Austin Butler: Speech coach helped him stop sounding like Elvis

Austin Butler
Speech coach helped him stop sounding like Elvis

It wasn’t that easy to get Elvis out of Austin Butler.

© Ovidiu Hrubaru/Shutterstock

Austin Butler leaves “Elvis” behind and reorients himself with a new war series. He got help from a language coach.

Life as an actor has its share of pitfalls: Austin Butler (32), for example, was so absorbed in his Elvis role that he had problems slipping into a new one afterwards. Butler even hired a language teacher for this, as he now reported on “The Late Show With Stephen Colbert”.

In the show, the Oscar-nominated actor said that after three years of “Elvis” he had difficulty getting rid of the dialect he had trained for. “I had a dialect coach who was just there to help me stop sounding like Elvis,” Butler said.

Austin Butler: Three years in “Elvis Land”

Butler’s accent caused excitement among fans of the film when it was released in 2022. He was also a topic at the Golden Globes in 2023, where he was awarded best actor for his interpretation of the King of Rock ‘n’ Roll Elvis Presley (1935-1977).

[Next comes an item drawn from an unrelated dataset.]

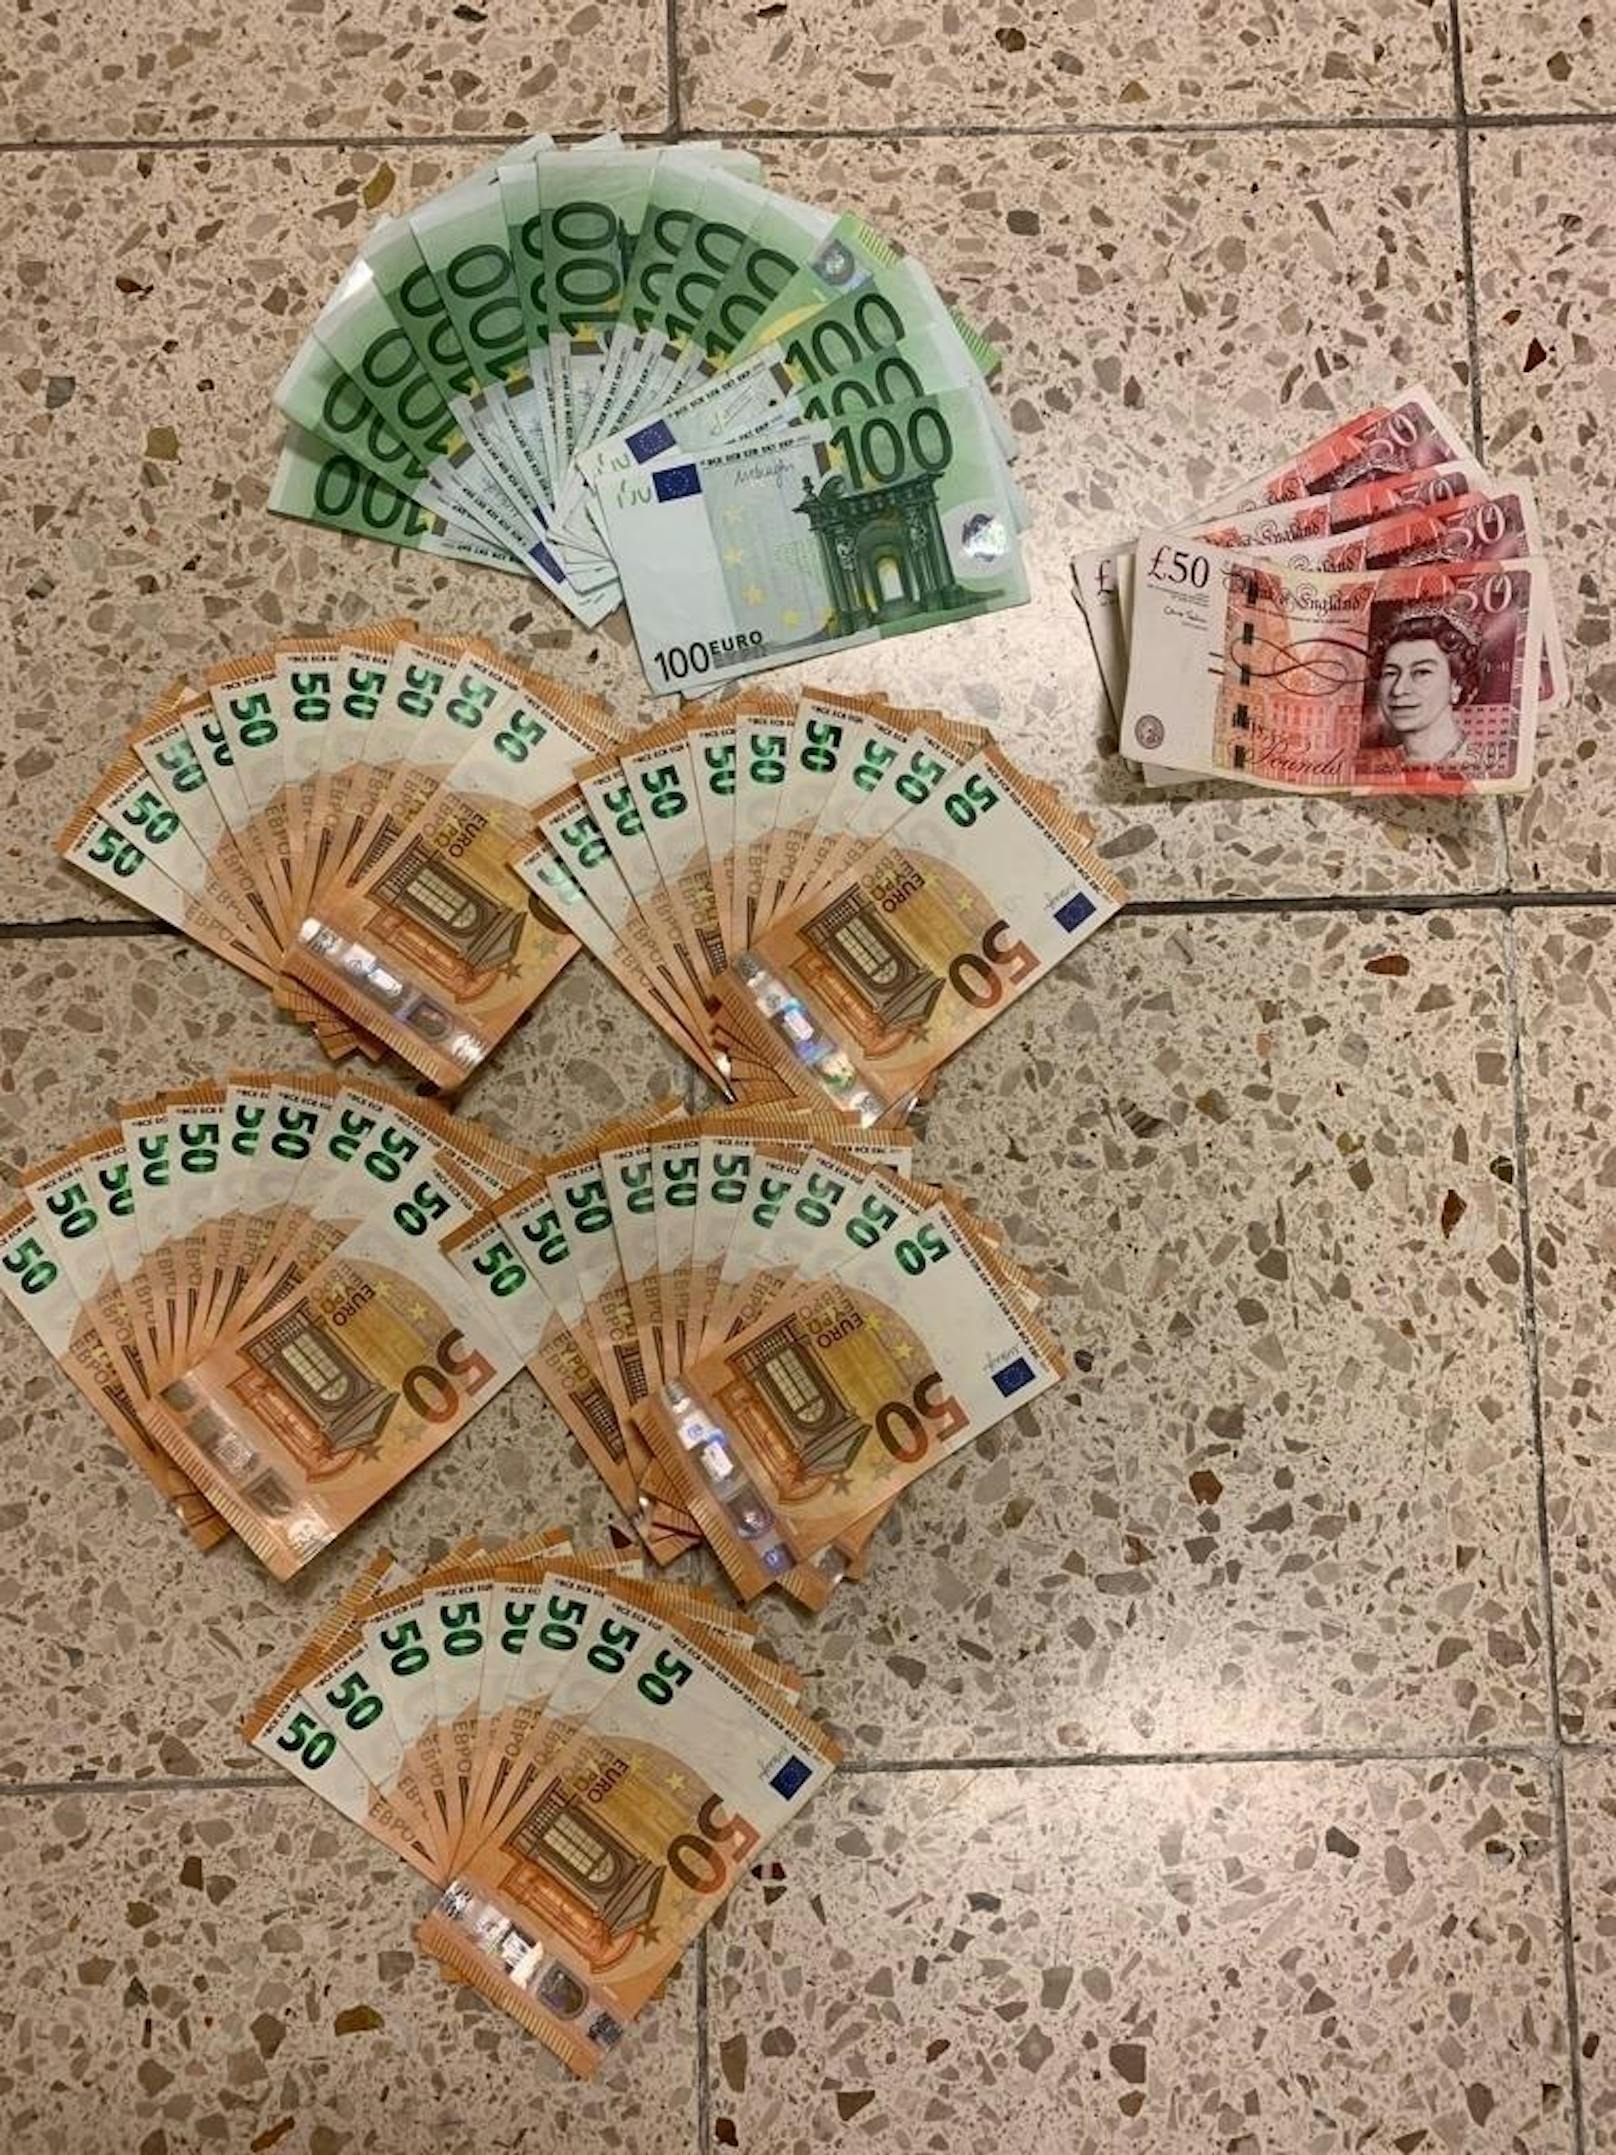 Bei einer Schwerpunktaktion "Suchtmittelkriminalität" der Polizei wurden zwei mutmaßliche Schmuggler festgenommen. In ihren Autos wurden mehrere tausend Euros gefunden und sichergestellt.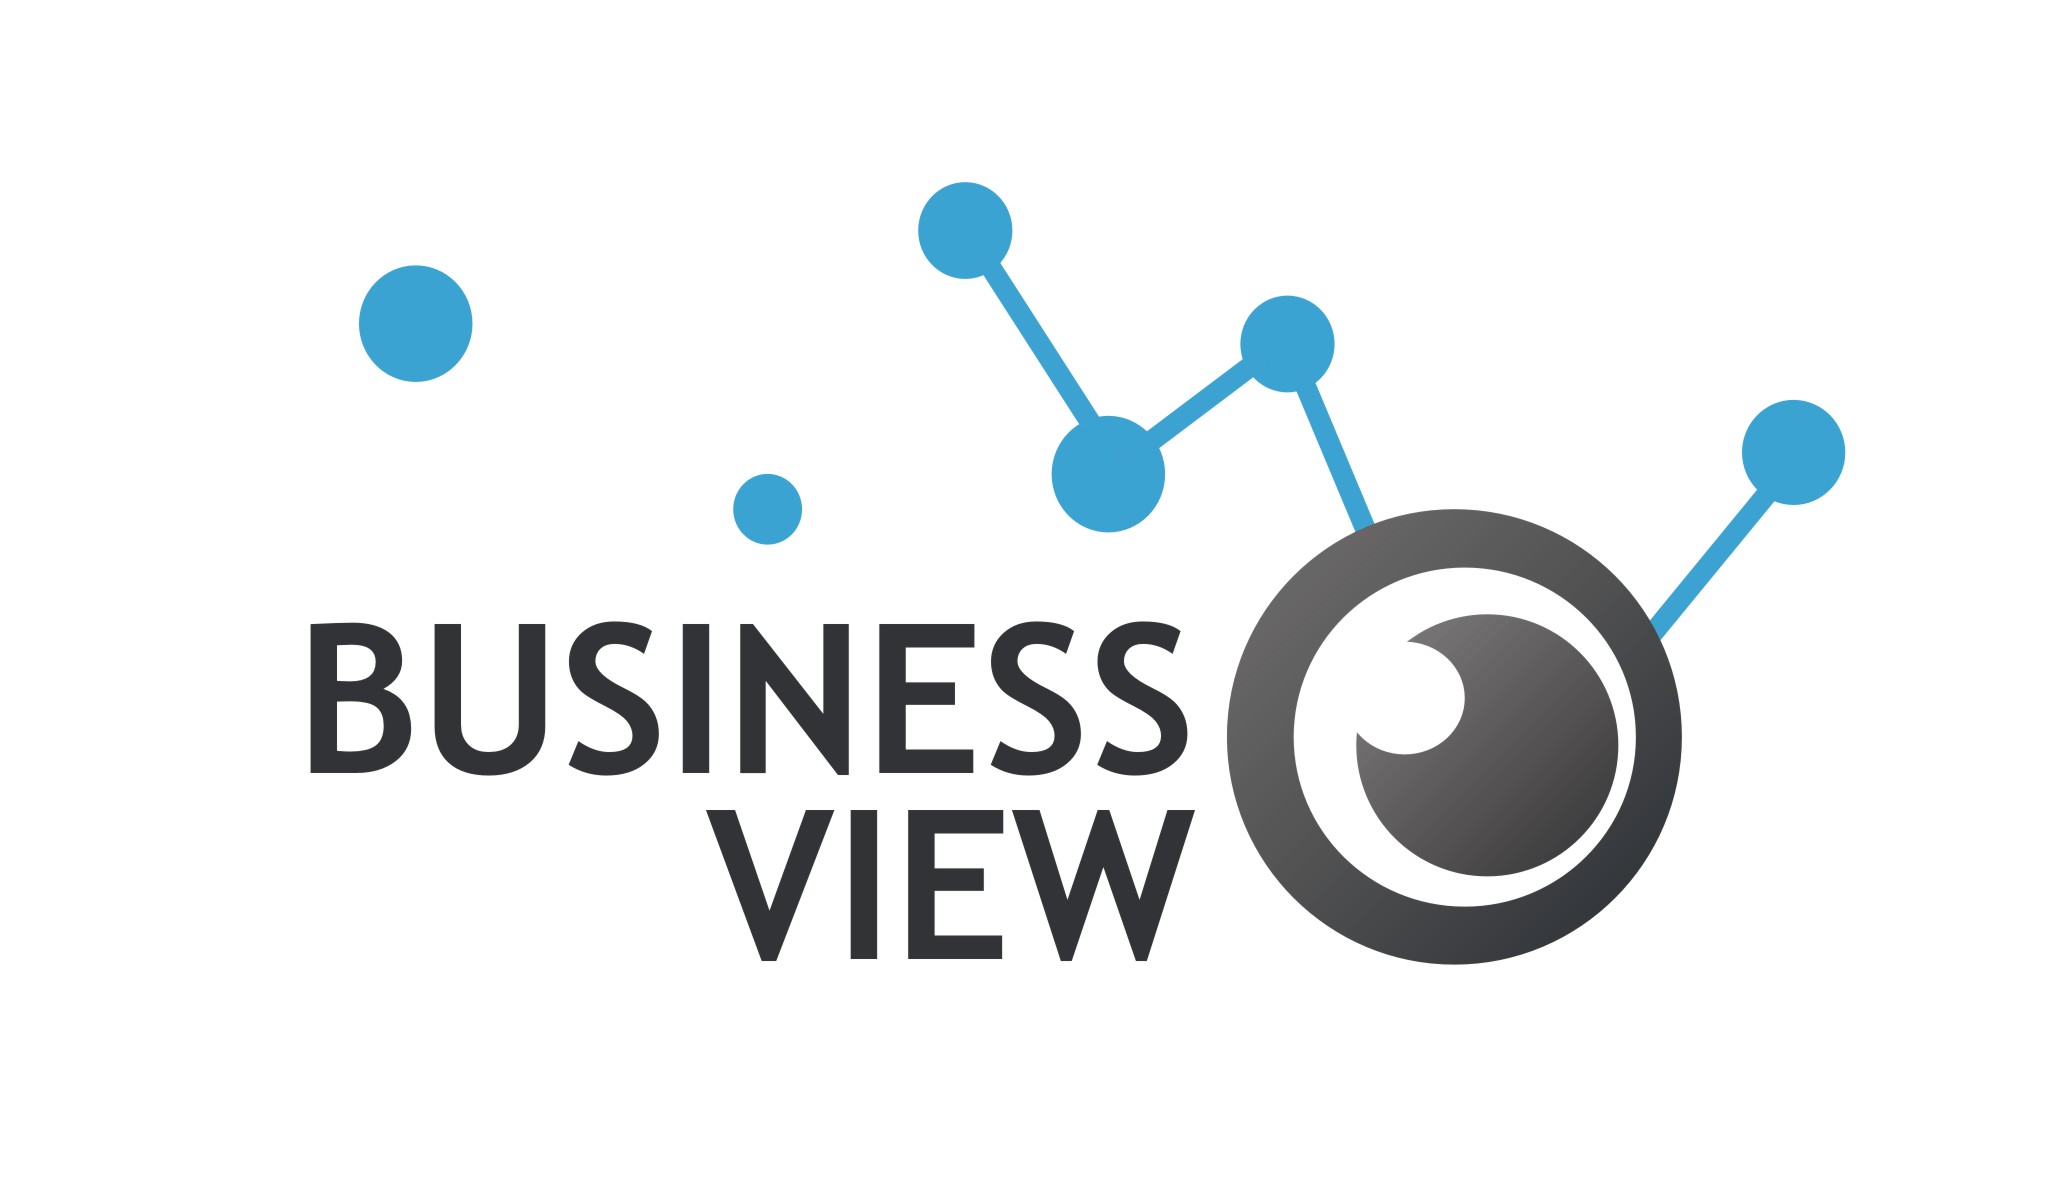 BusinessView Software

Backstage Butler explained, according to The Hollywood Reporterthat he would still be asked about it often. “I often compare it to someone who lives in another country for a long time and I had three years where I only focused on that country.”

Austin also spoke to Stephen Colbert (59) about the challenge of distancing himself from Elvis again. “I was just trying to remember who I was,” he said. “I tried to remember what I liked to do.” The solution, so to speak, was Butler’s next role, which he got through Tom Hanks (67): In the Apple TV+ war series “Masters of the Air” he plays the leader of the Eighth Air Force, which flew air raids on Germany during World War II.

Headfirst into the next role

It was also Hanks who advised him over dinner to find a new obsession after the intense “Elvis” years. This time too, Butler plunged headfirst into the new role: “And then I had a week off and flew to London, there was Covid at the time, so I was in quarantine for ten days.” During this time he put all his energy into “learning everything about the Second World War.”